[Your objective] Taking the data below, please print only the lines from the line holding "Medical illustration shows" to the line holding "iPhone Ostrich leather sleeve, pouch, case", inclusive, with pictures omitted.

[Task input]
▬▬▬

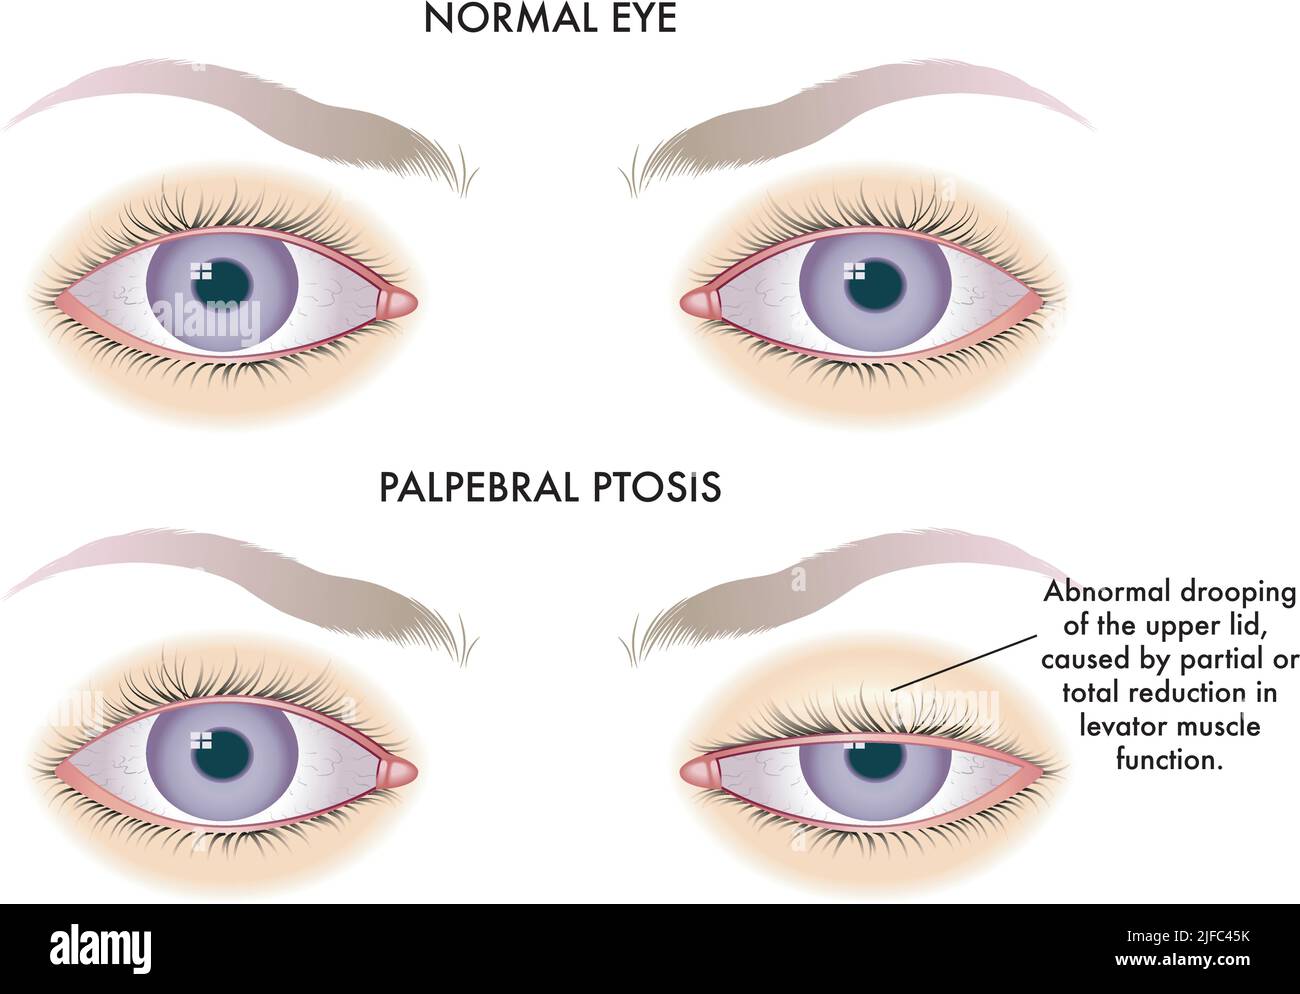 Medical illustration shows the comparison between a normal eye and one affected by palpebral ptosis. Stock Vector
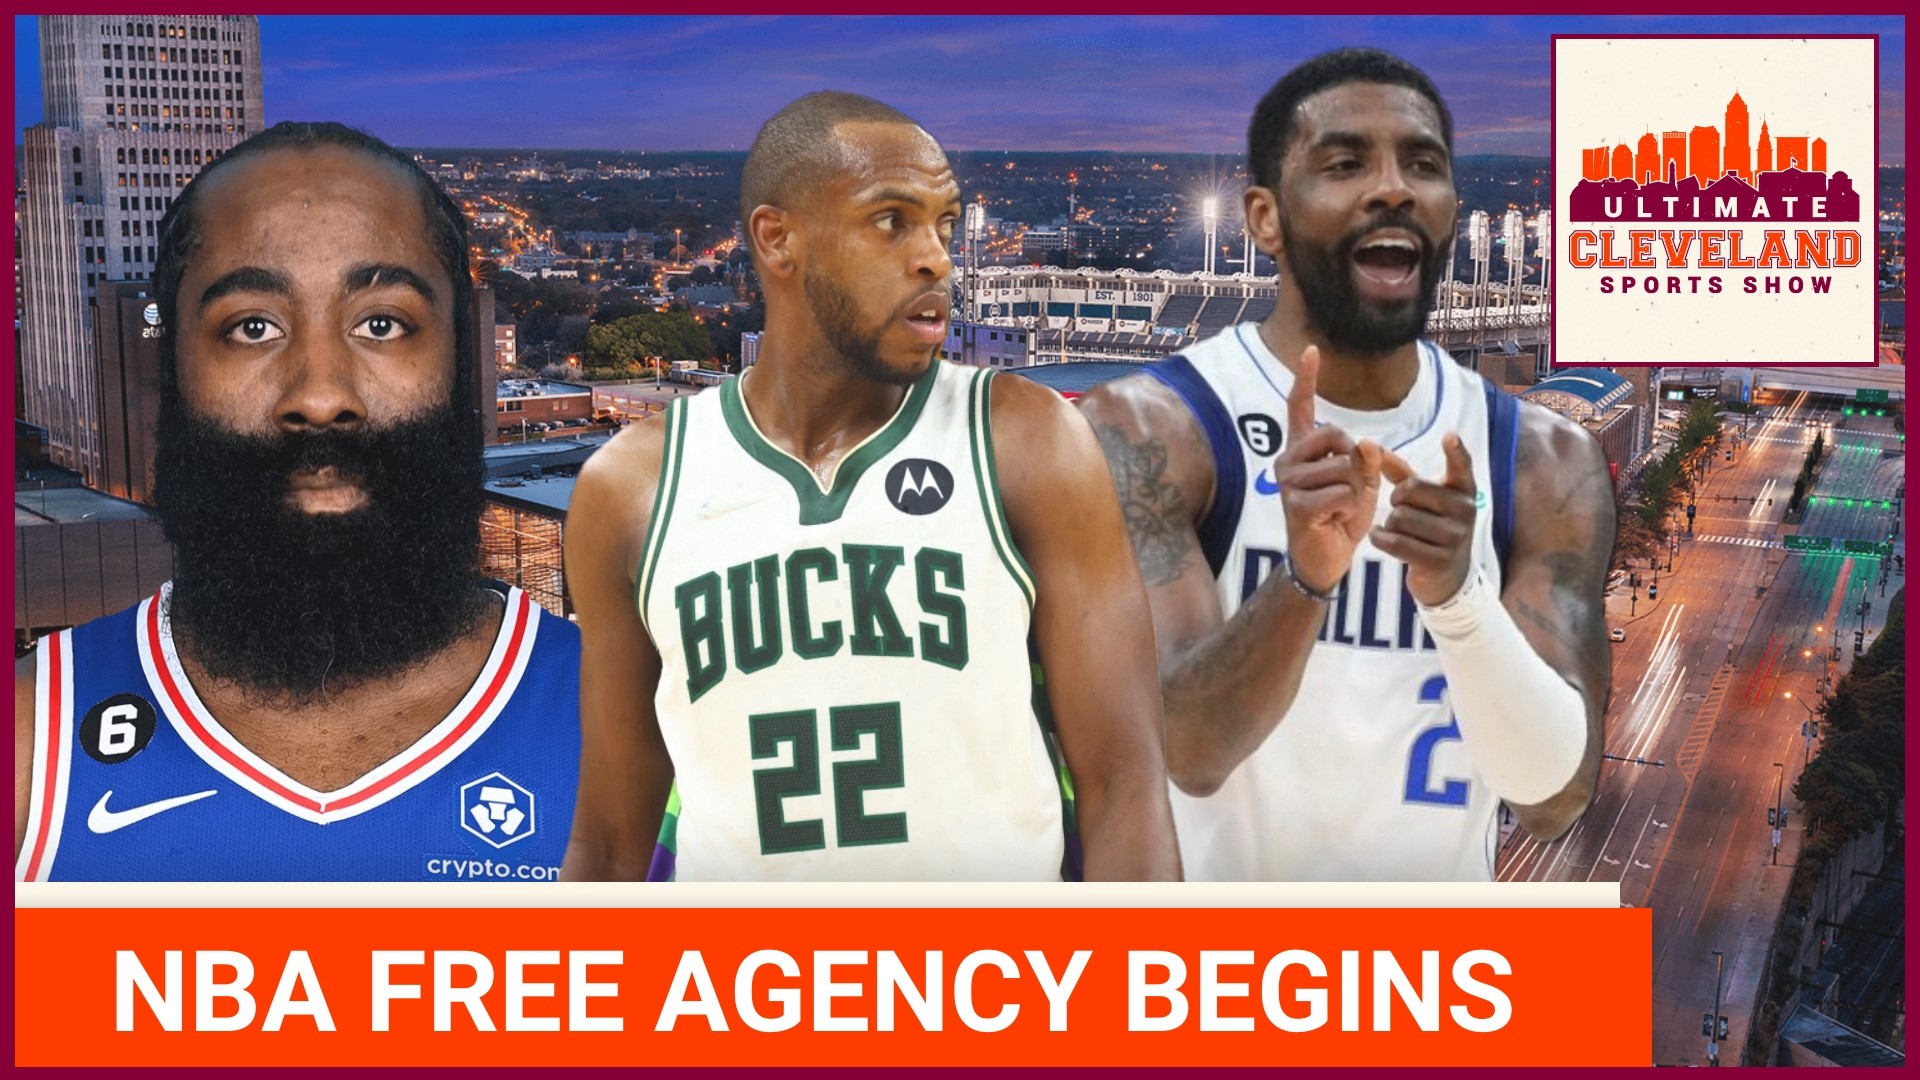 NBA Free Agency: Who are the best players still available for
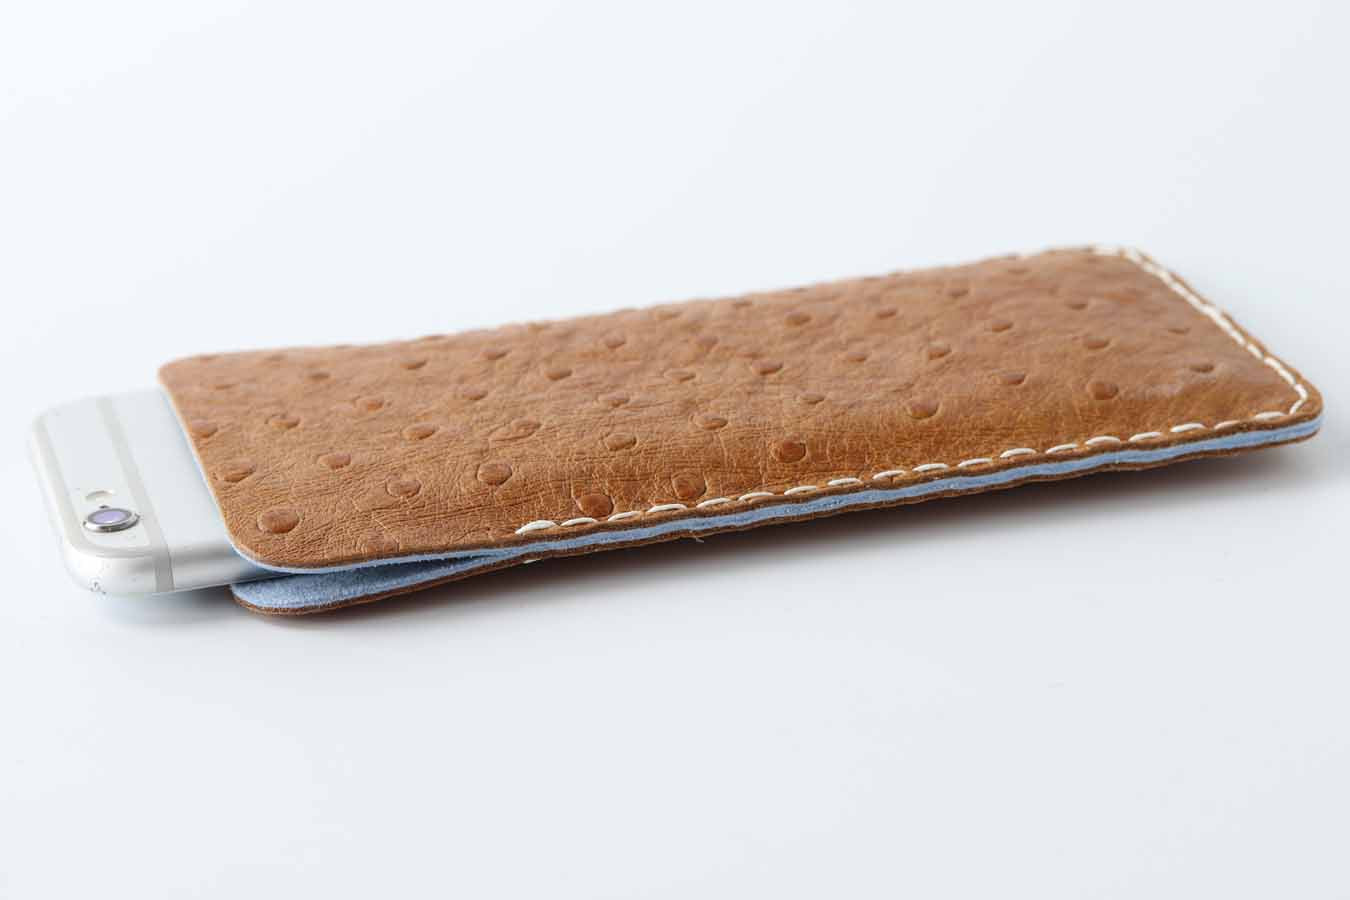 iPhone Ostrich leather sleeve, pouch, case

▬▬▬

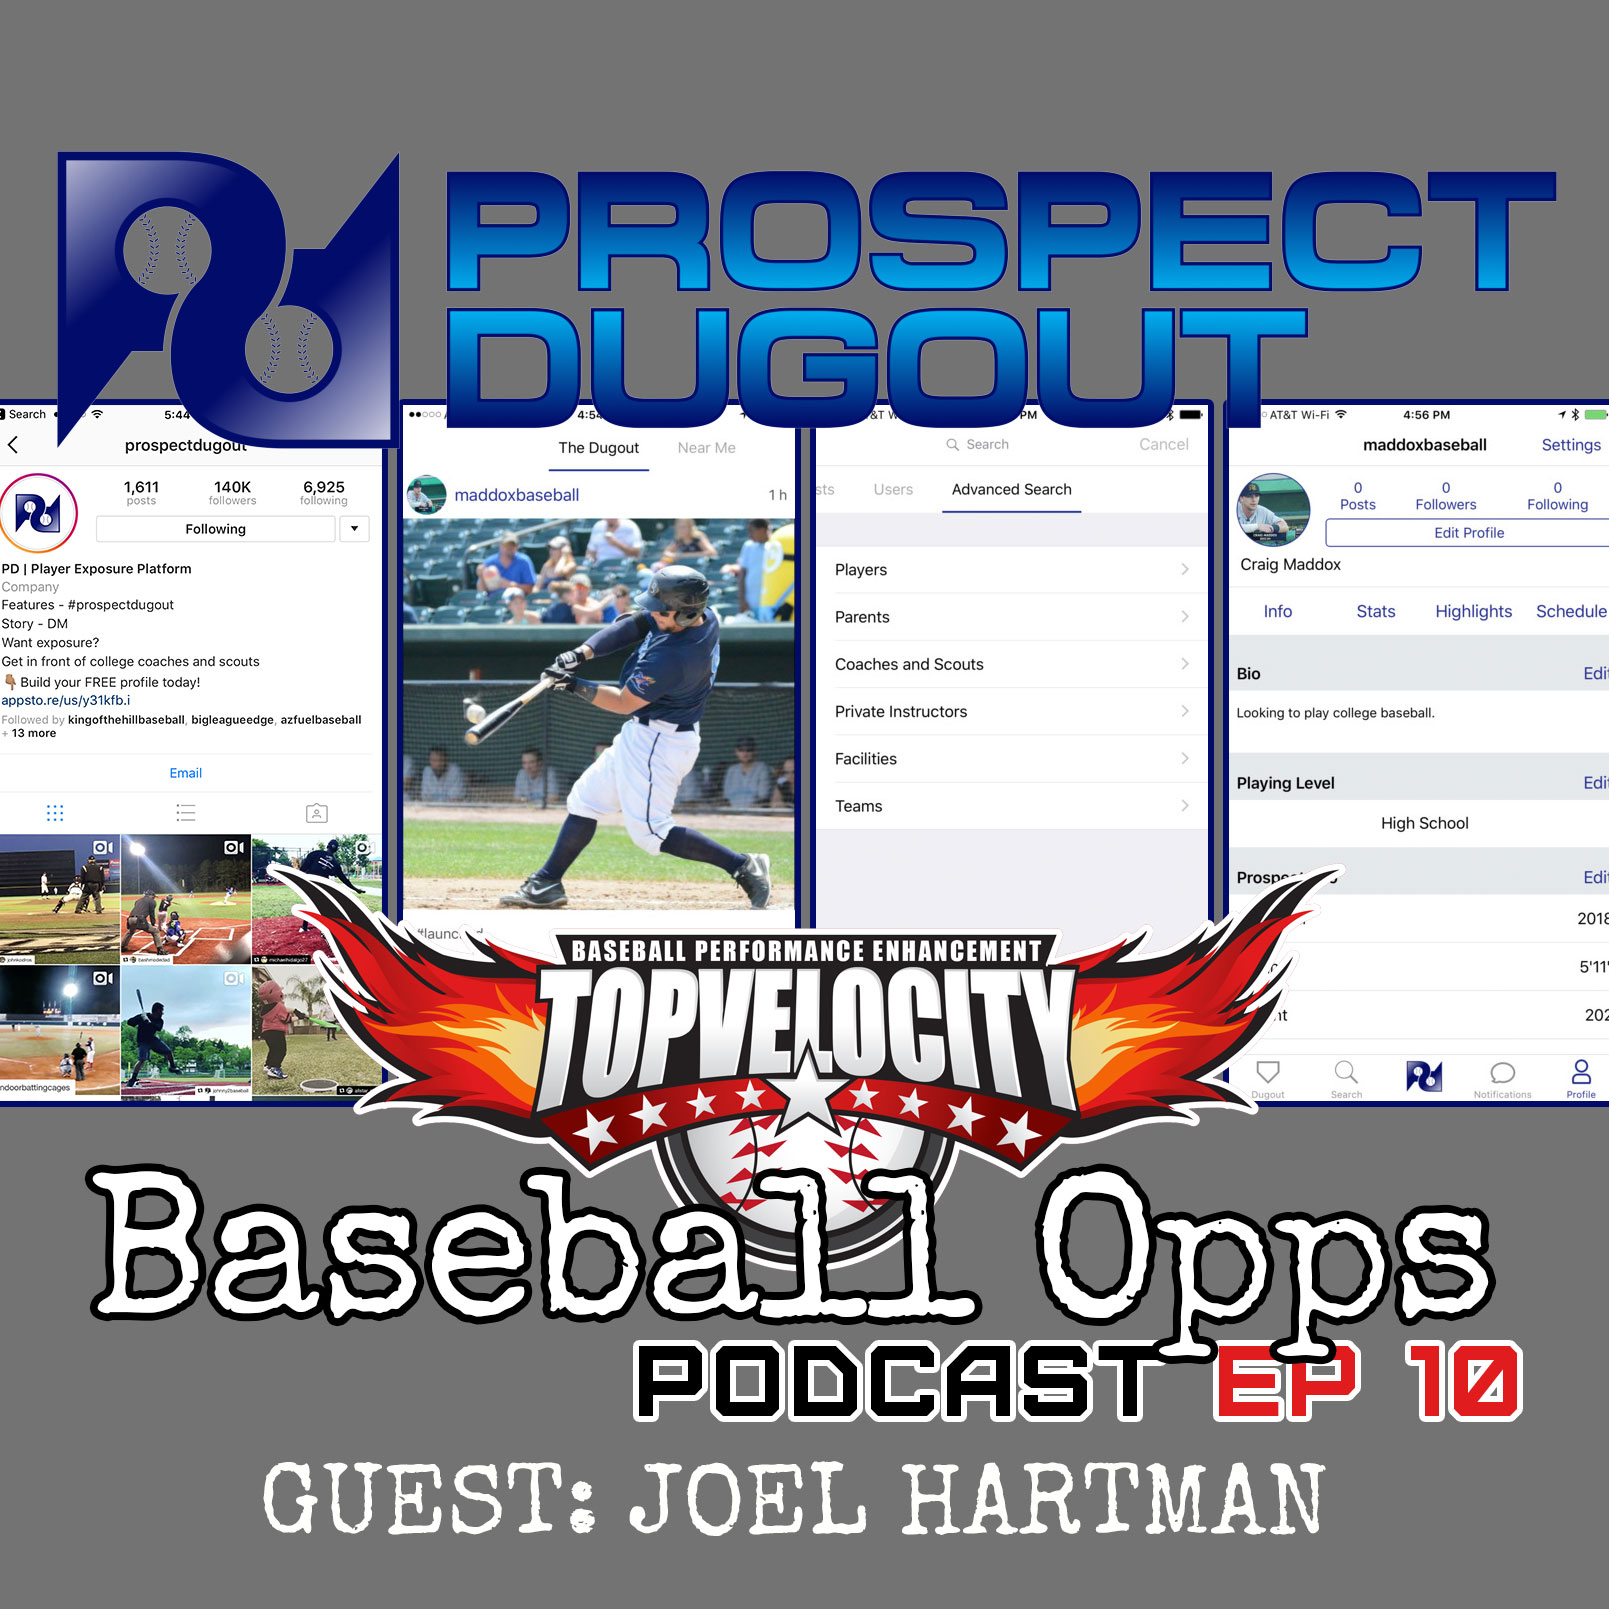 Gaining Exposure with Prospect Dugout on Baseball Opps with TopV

▬▬▬

[Answer for the task]
 Medical illustration shows the comparison between a normal eye and one affected by palpebral ptosis. Stock Vector
 NBA Free Agency: Who are the best players still available for
 iPhone Ostrich leather sleeve, pouch, case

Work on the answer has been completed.